Step 2 — Preheat and Prep the Pan
Preheat your oven to 350°F (175°C). Generously grease and flour a 9×13-inch baking pan, or line it with parchment paper for easy removal. Proper preparation prevents sticking and ensures clean slices later.
Step 3 — Combine Dry Ingredients
In a separate bowl, whisk together the 3 cups of flour, baking soda, baking powder, and salt. This step, known as “dry whisking,” evenly distributes the leavening agents, which is more effective than sifting and prevents dense spots in your finished apple cake.
Step 4 — Cream Butter and Sugar
In the bowl of a stand mixer fitted with the paddle attachment, beat the 3/4 cup cubed cold butter and granulated sugar on medium-high speed for 3-4 minutes, until light and fluffy. This creaming process incorporates air, which is essential for the cake’s rise. Add the eggs one at a time, beating well after each, then mix in the vanilla.
Step 5 — Alternate Wet and Dry
With the mixer on low, add about one-third of the flour mixture, followed by half of the sour cream. Repeat, ending with the final third of flour. Mix just until combined after each addition; overmixing at this stage develops gluten and leads to a tough crumb. The batter will be thick.
Step 6 — Fold in Apples and Layer
Using a spatula, gently fold the diced apples into the batter until evenly distributed. Spread half of the batter into your prepared pan. Sprinkle with half of the reserved streusel mixture. Carefully spread the remaining batter over the streusel layer, then top with the remaining streusel.
Step 7 — Bake to Perfection
Bake for 55 to 65 minutes. Unlike a quick bread, this moist cake is done when a toothpick inserted into the center comes out clean or with a few moist crumbs (not wet batter). The top will be golden brown, and the streusel will be crisp.
Step 8 — Cool and Serve
Allow the coffee cake to cool in the pan on a wire rack for at least 45 minutes before slicing. This resting period allows the structure to set, making it much easier to cut clean pieces. Serve warm or at room temperature.

Nutritional Information
| Calories | ~420 kcal |
| Protein | 6g |
| Carbohydrates | 68g |
| Fat | 15g |
| Fiber | 2g |
| Sodium | ~280mg |
Note: Estimates are per serving (1/16th of cake) based on typical ingredients. Values may vary with specific brands or substitutions. This apple cinnamon cake provides a source of energy and fiber from the whole apples.
Healthier Alternatives
- Whole Wheat Pastry Flour — Already mentioned as an option, it adds fiber and a nutty flavor while maintaining a tender crumb.
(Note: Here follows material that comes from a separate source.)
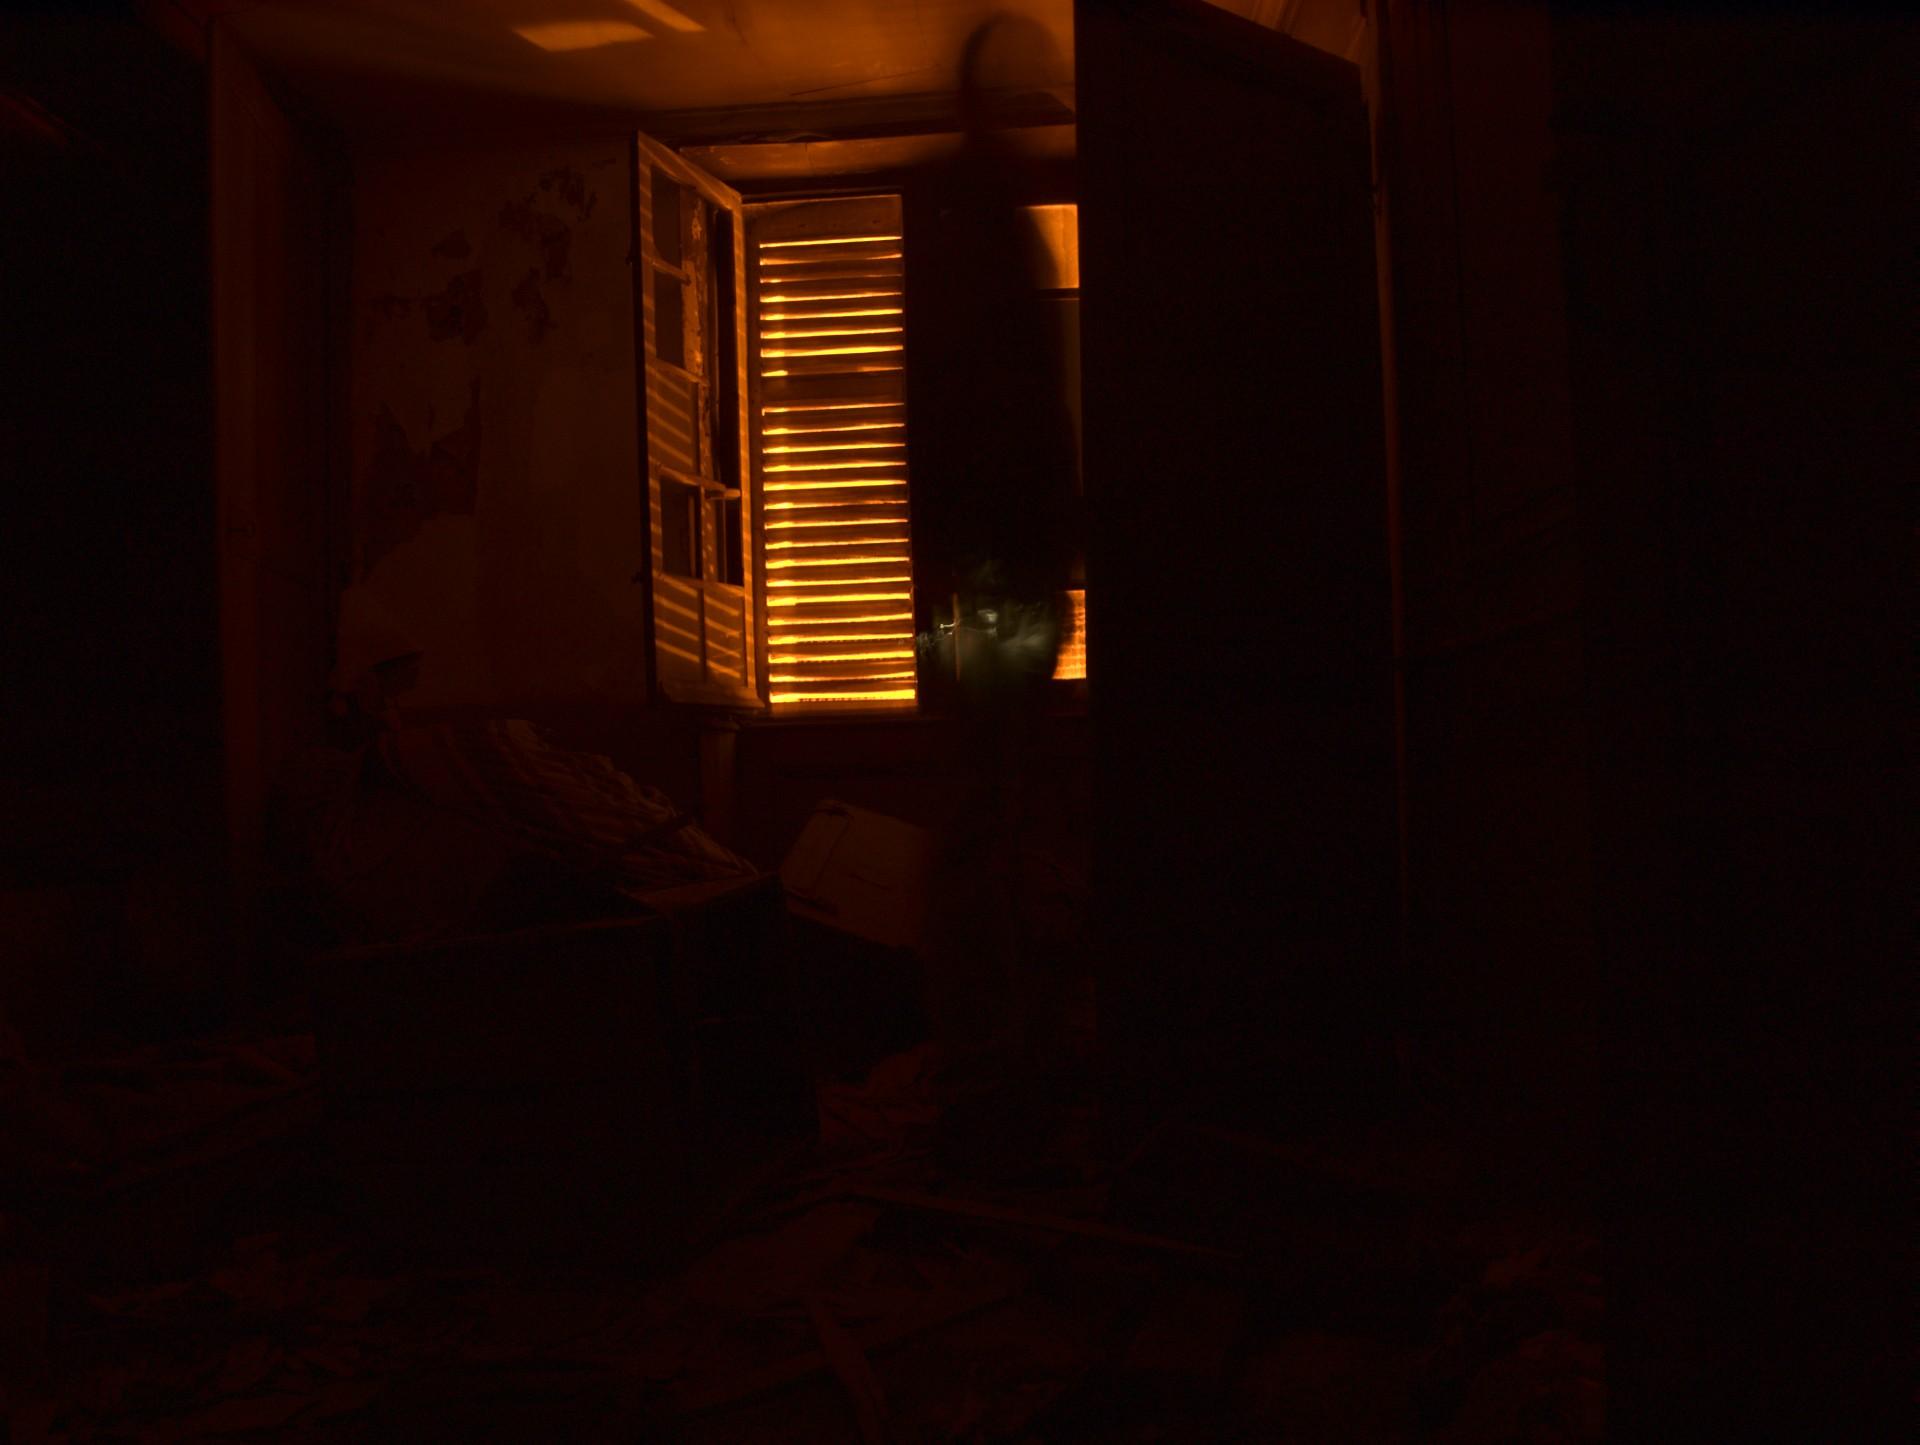 haunted House 0x07

- Greek Yogurt for Sour Cream — Increases protein content and reduces fat without sacrificing the essential moisture.
- Reduce Sugar by 25% — The natural sweetness from the apples often allows for this cut, especially if using a sweeter variety like Honeycrisp.
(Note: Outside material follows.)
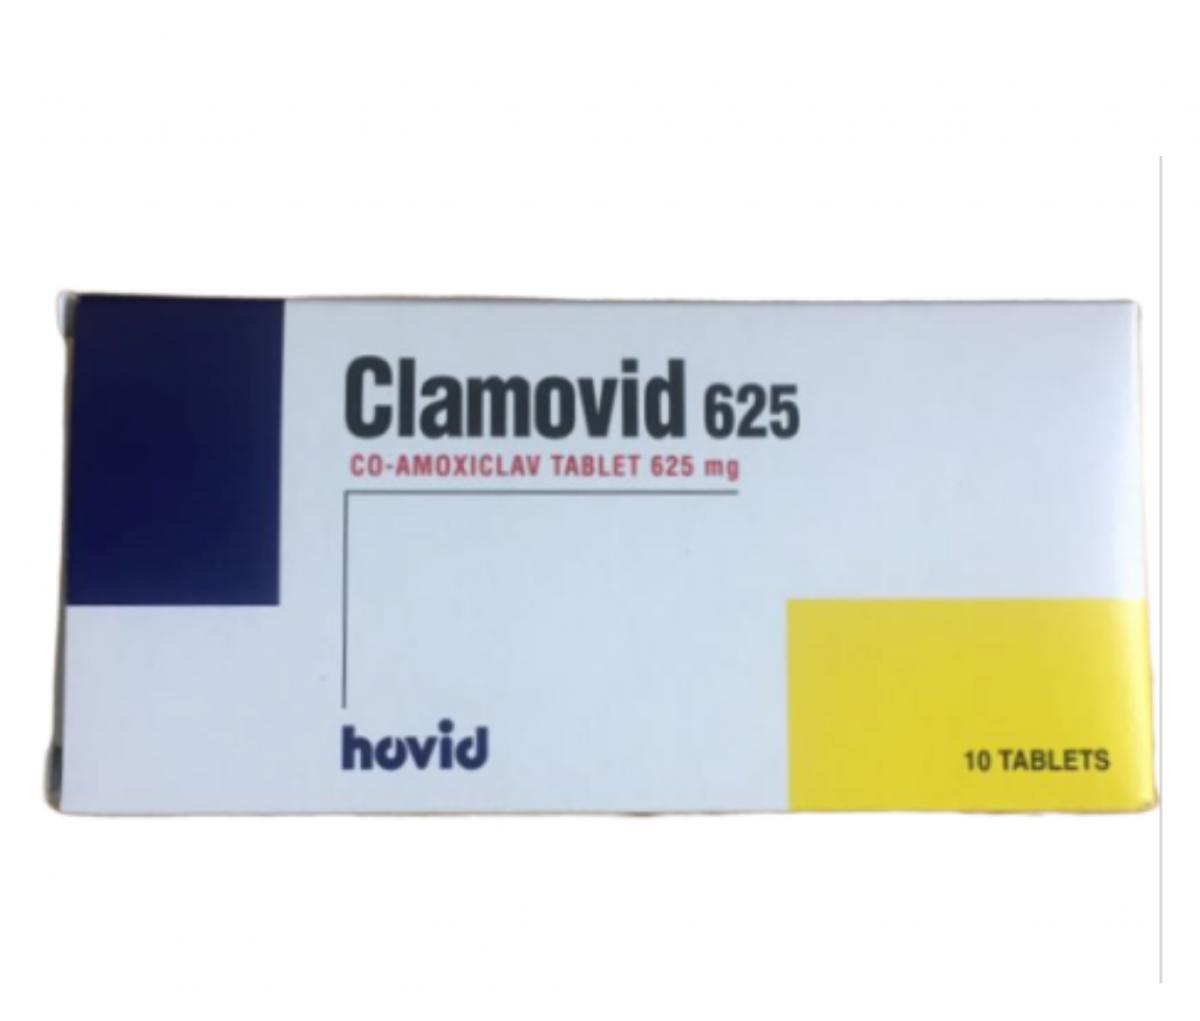 Clamovid 625mg Tablet

- Coconut Oil or Avocado Oil — For a dairy-free version, replace butter in the cake batter with an equal amount of refined coconut oil for a neutral taste.
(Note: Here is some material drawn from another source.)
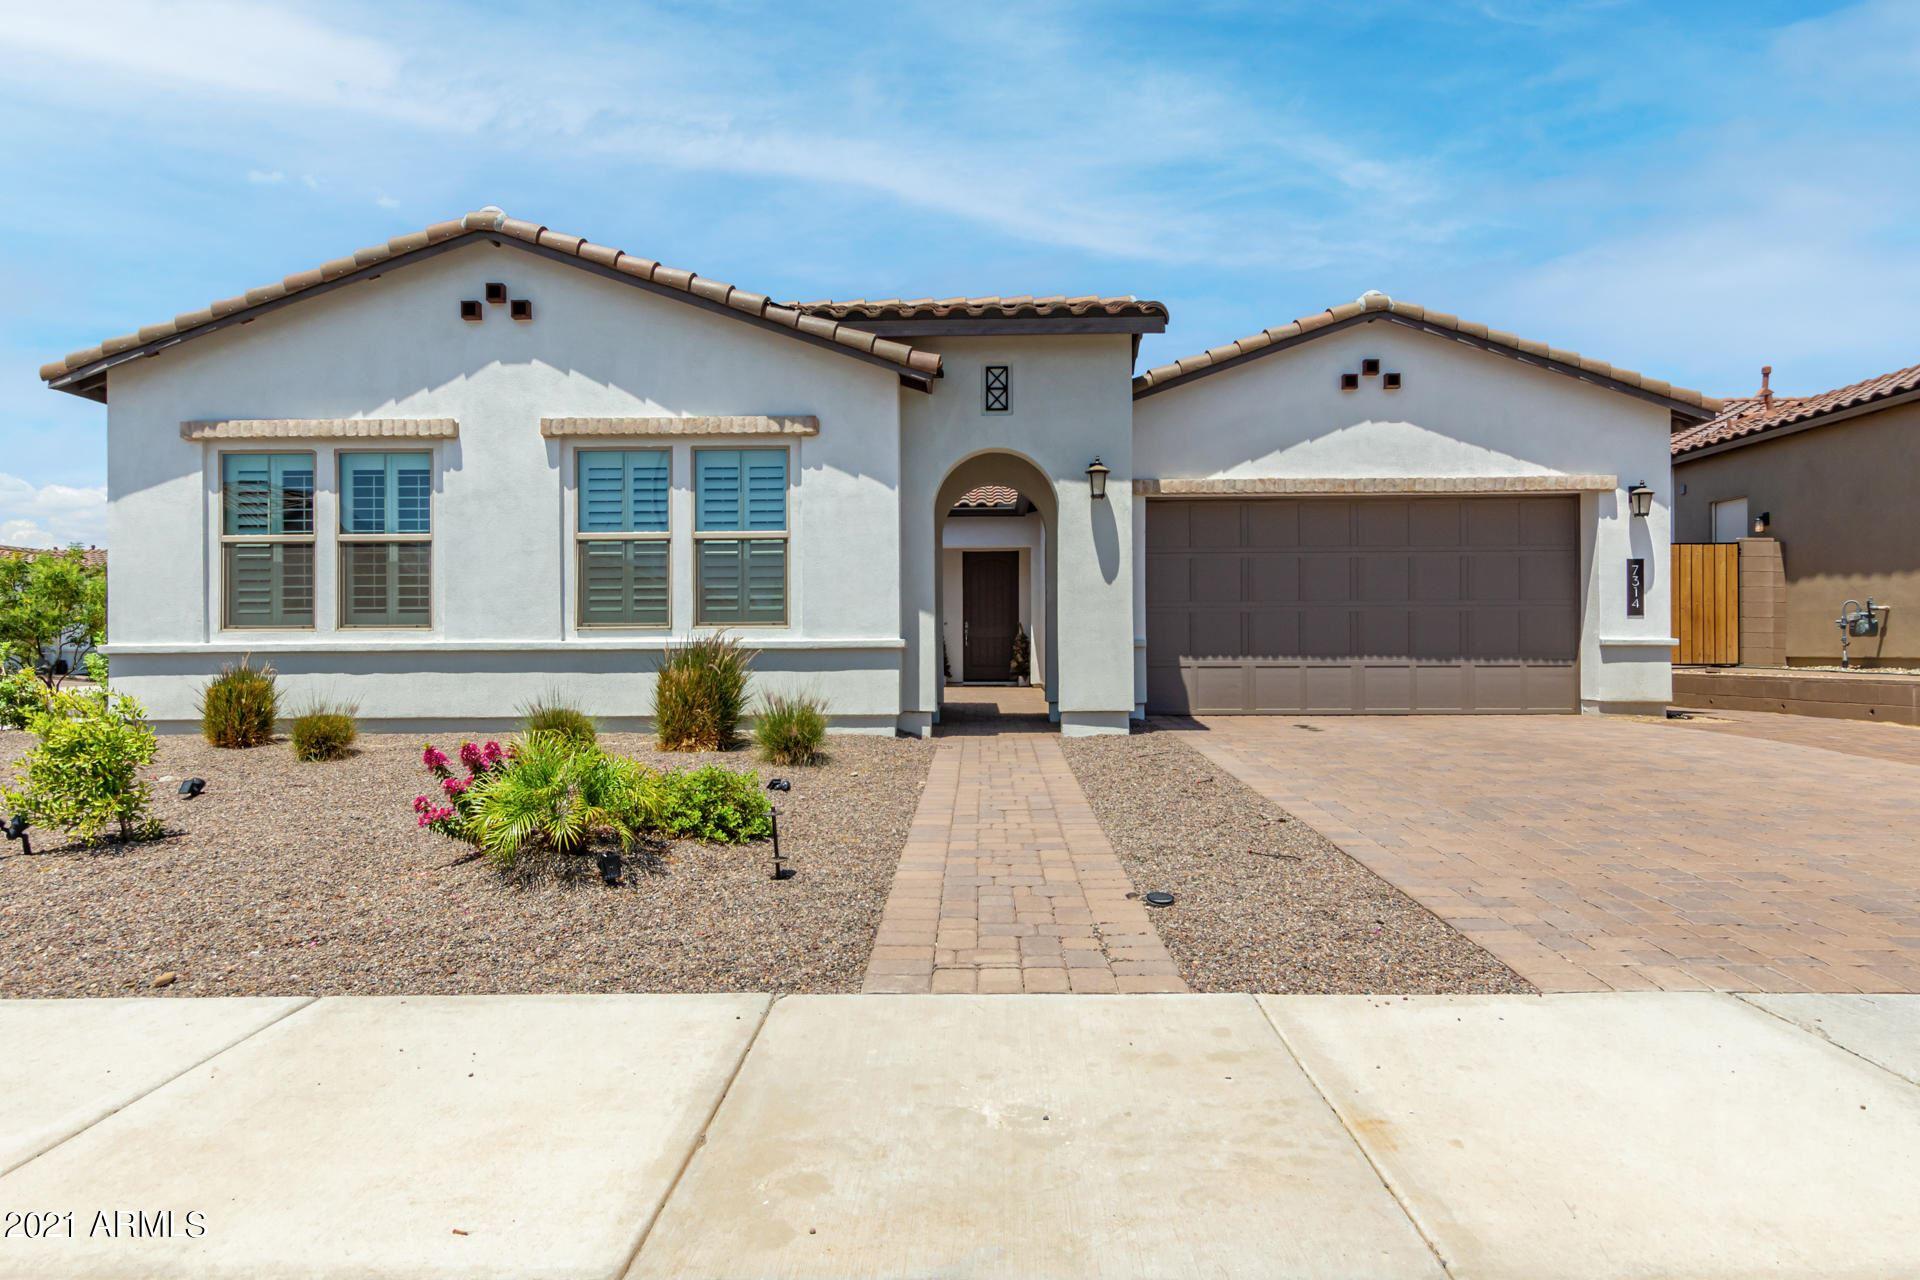 7314 W SPUR Drive, Peoria, AZ 85383 - MLS#: 6262206

- Almond Flour Blend — For a gluten-free apple coffee cake, substitute 30% of the all-purpose flour with almond flour for added protein and moisture.
- Monk Fruit or Erythritol Blend — A 1:1 sugar substitute can lower the net carbs for those monitoring intake.
- Add Nuts to Streusel — Mix in 1/2 cup chopped walnuts or pecans for healthy fats, extra crunch, and protein.
Serving Suggestions
- Serve a warm slice with a dollop of vanilla ice cream or a drizzle of salted caramel for a decadent dessert.
- Pair with a hot cup of black coffee or a chai latte to complement the warm spices in this classic coffee cake.
- For a festive brunch, dust with powdered sugar and serve alongside savory items like quiche or scrambled eggs.
- Add a side of lightly sweetened whipped cream or Greek yogurt for a balanced breakfast treat.
- Garnish with thin, fresh apple slices and a sprinkle of cinnamon before serving for an elegant presentation.
- Pack individual portions for a satisfying midday snack or lunchbox treat.
This versatile cake shines in autumn but is a welcome comfort food year-round. It also travels well, making it a perfect potluck or gifting option.
Common Mistakes to Avoid
- Mistake: Using room-temperature butter for the streusel. Fix: Always use cold butter to create a crumbly, crisp topping instead of a greasy paste.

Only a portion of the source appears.